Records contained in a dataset

★ ★ ★

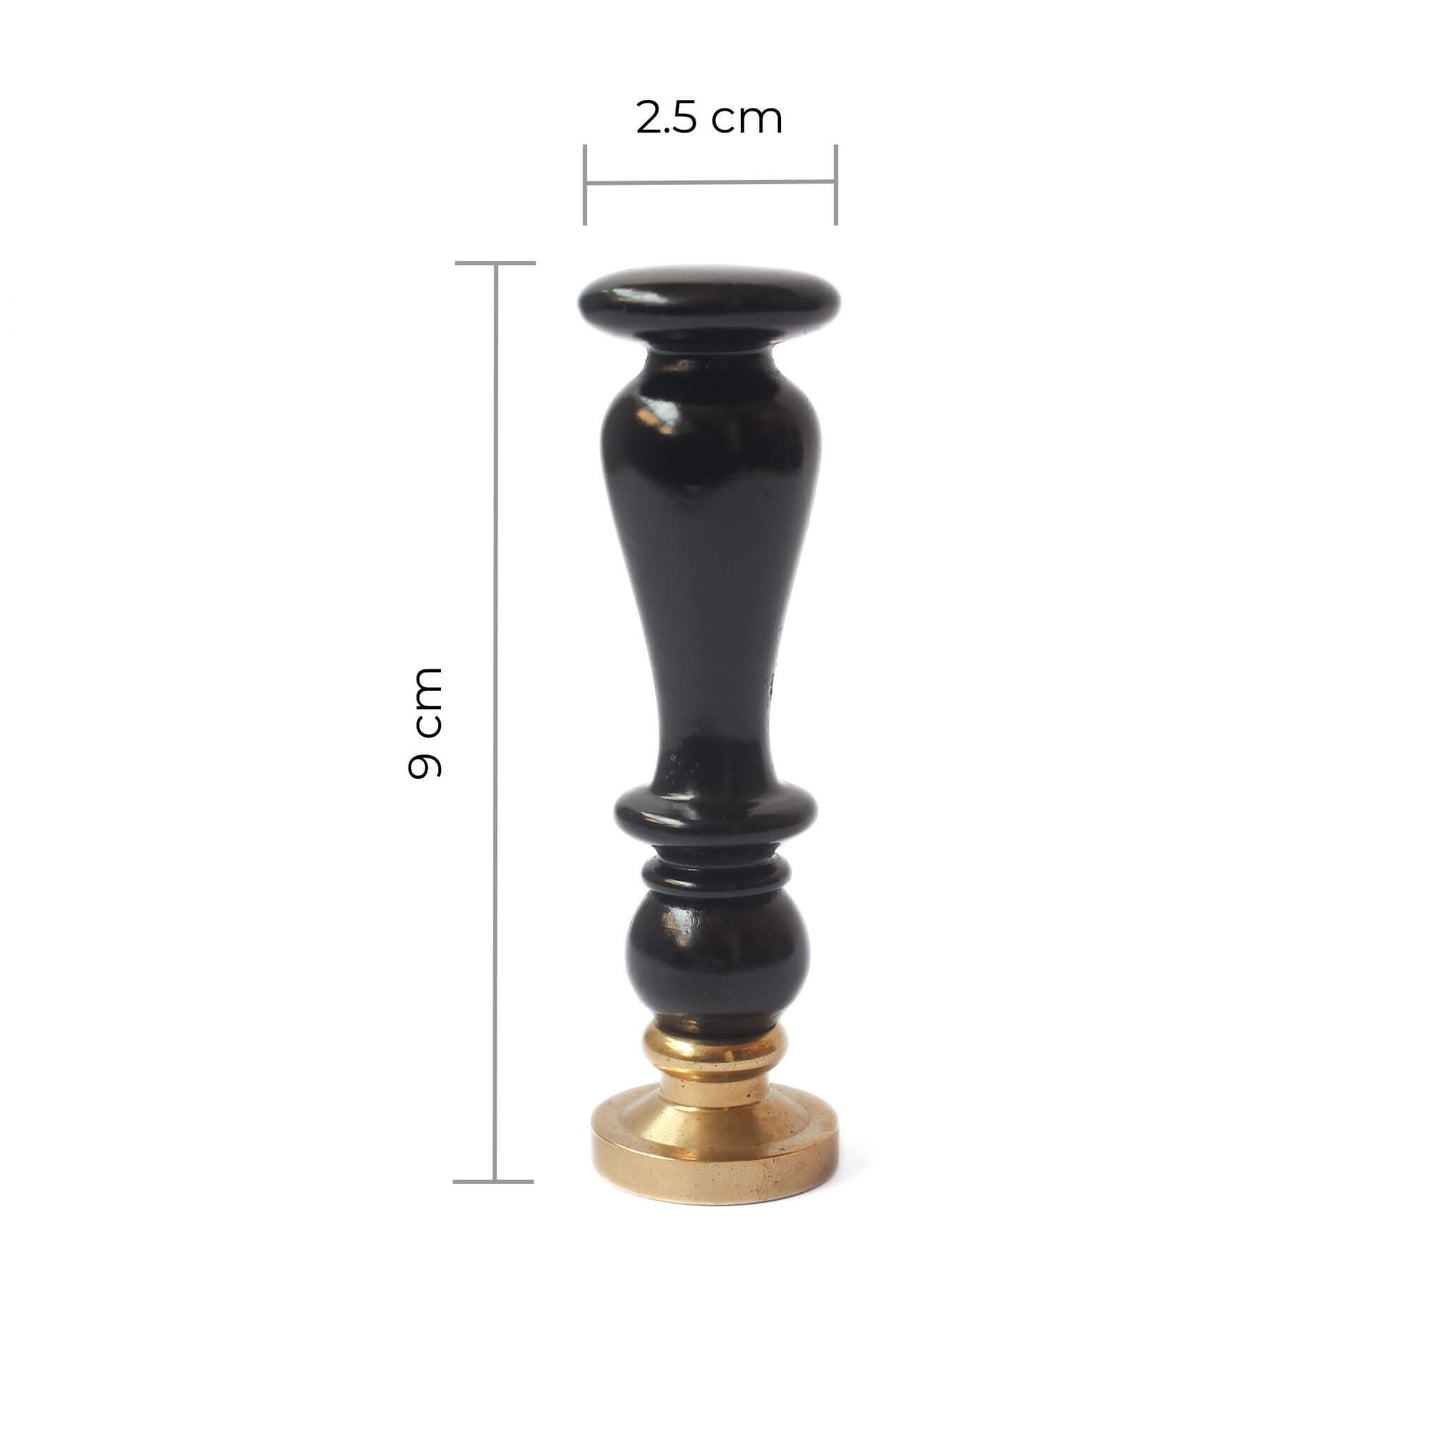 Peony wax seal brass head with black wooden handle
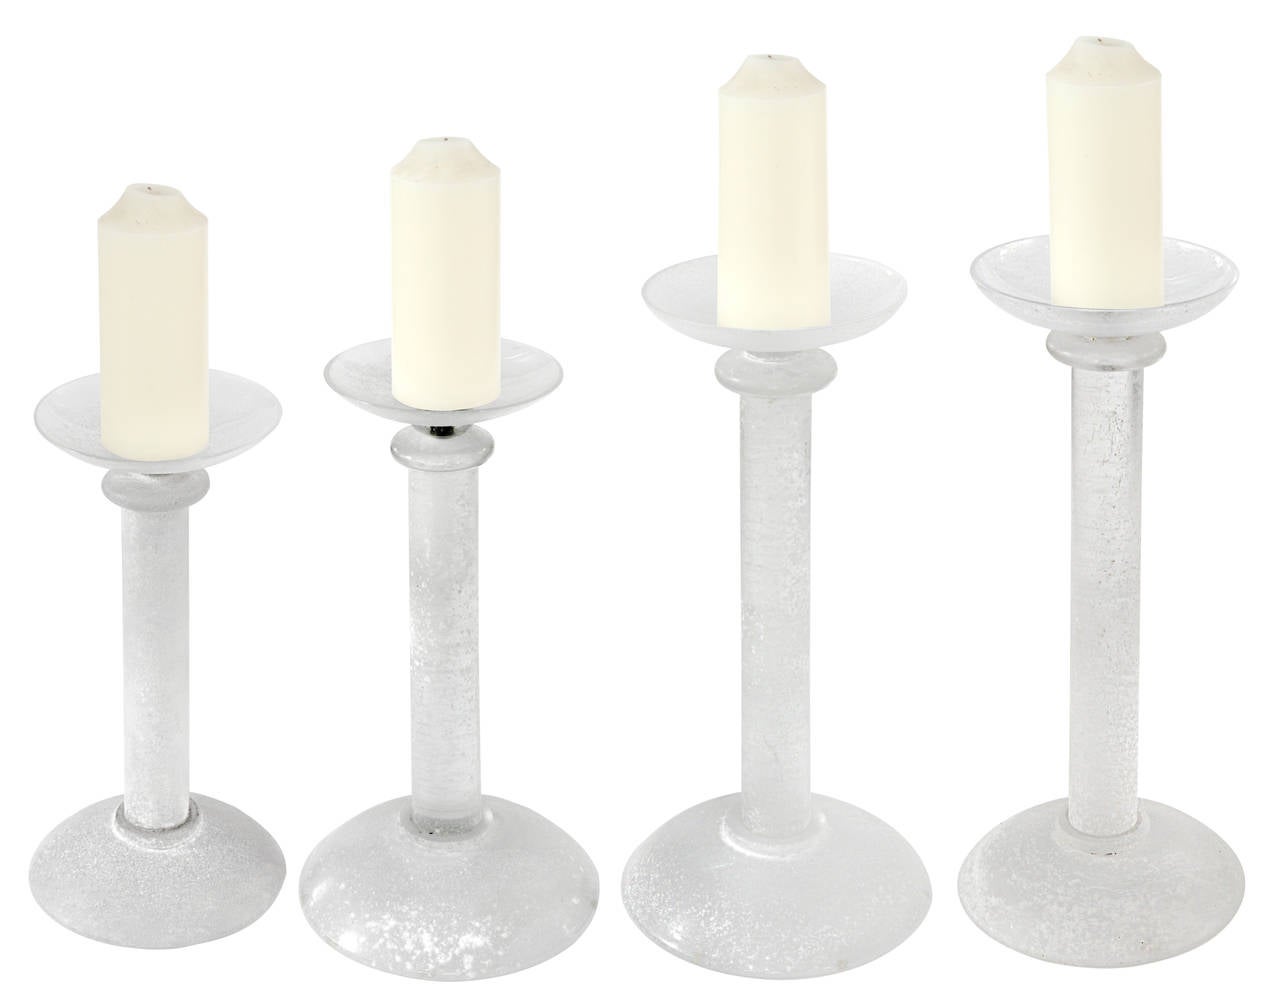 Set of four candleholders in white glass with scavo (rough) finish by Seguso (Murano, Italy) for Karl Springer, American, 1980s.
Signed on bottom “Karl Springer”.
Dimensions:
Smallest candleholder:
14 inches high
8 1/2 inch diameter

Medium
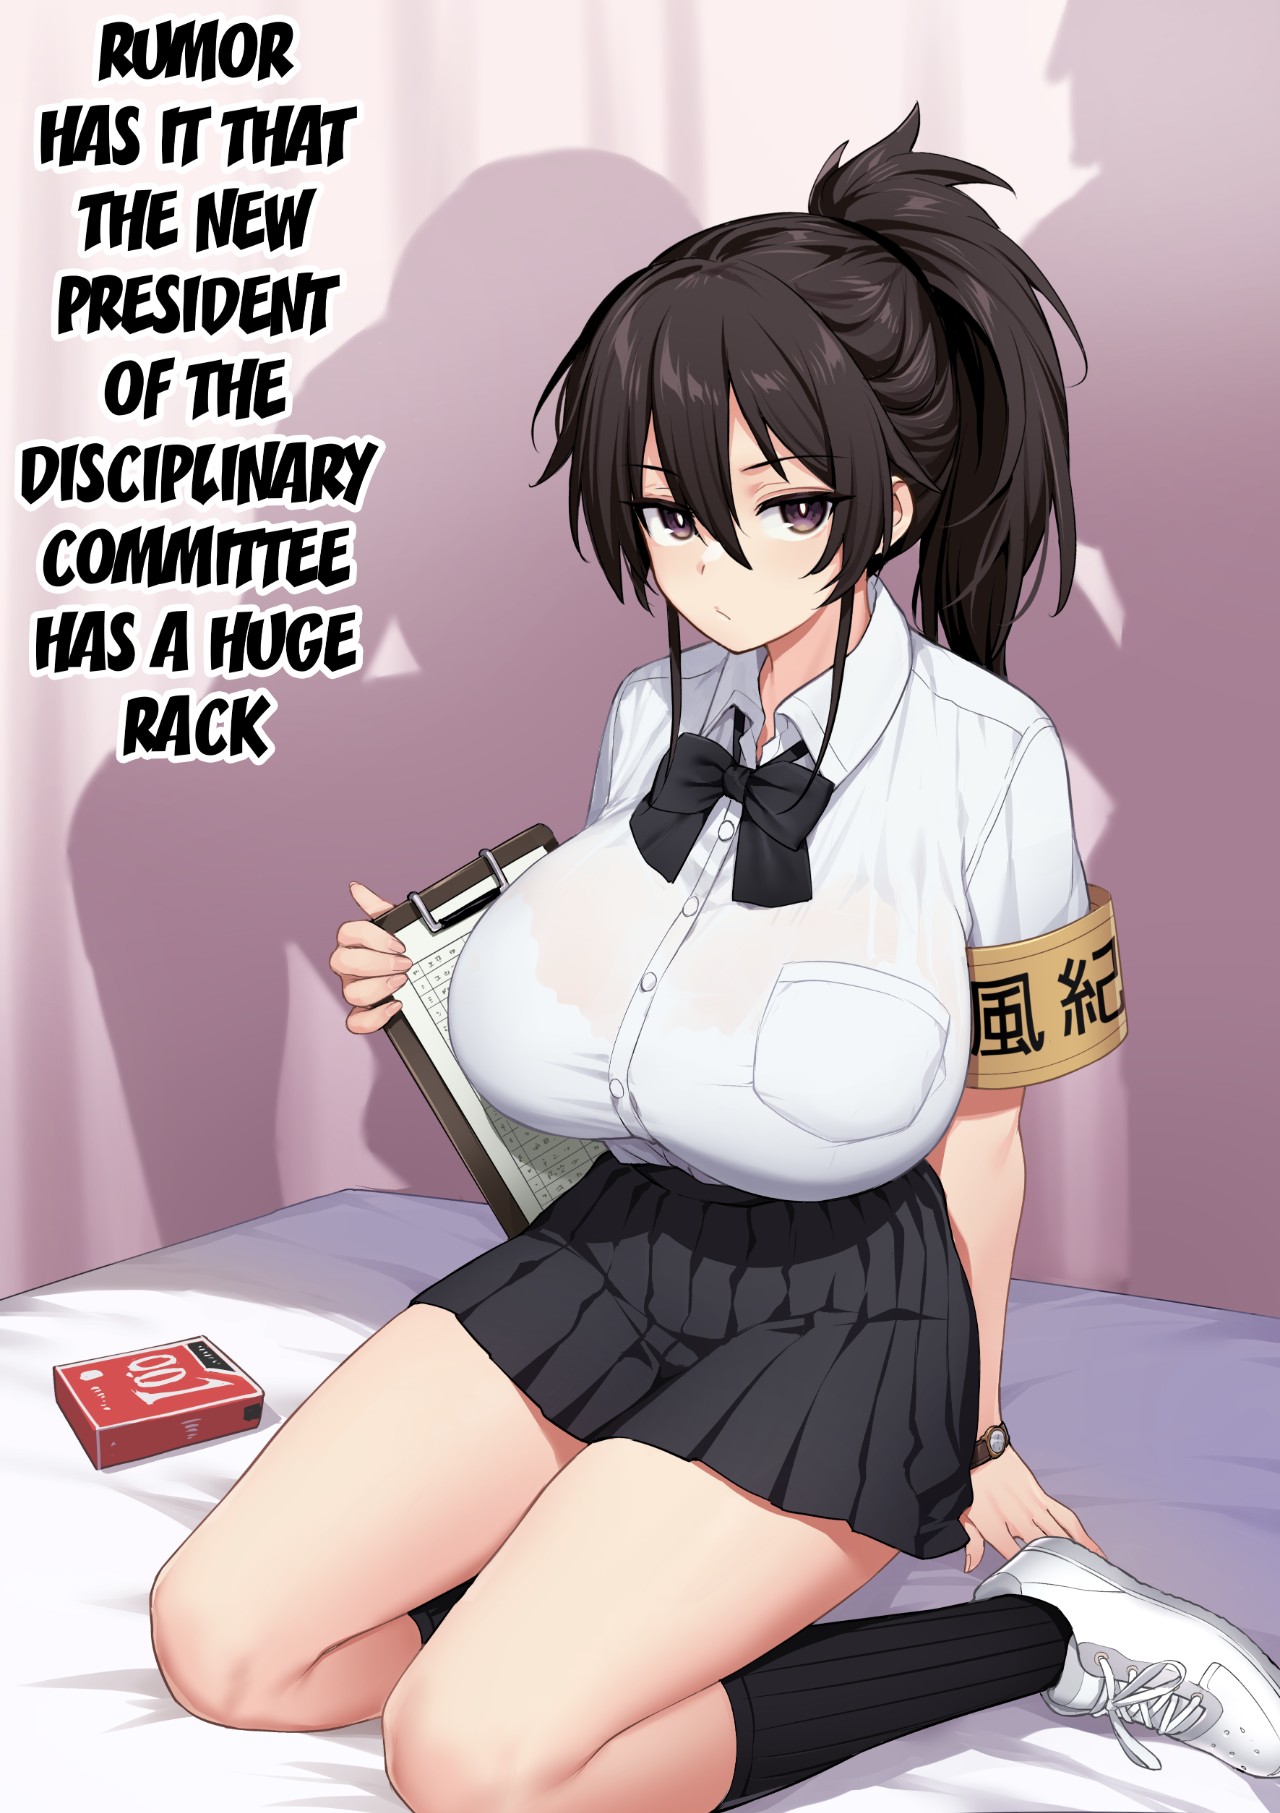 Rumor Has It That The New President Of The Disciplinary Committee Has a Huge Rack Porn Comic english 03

★ ★ ★

- _Work to be completed_
Pictures are to be excluded; the records themselves are to be reproduced exactly.

- _Solution for this task_
 Peony wax seal brass head with black wooden handle
 Set of four candleholders in white glass with scavo (rough) finish by Seguso (Murano, Italy) for Karl Springer, American, 1980s.
Signed on bottom “Karl Springer”.
Dimensions:
Smallest candleholder:
14 inches high
8 1/2 inch diameter

Medium
 Rumor Has It That The New President Of The Disciplinary Committee Has a Huge Rack Porn Comic english 03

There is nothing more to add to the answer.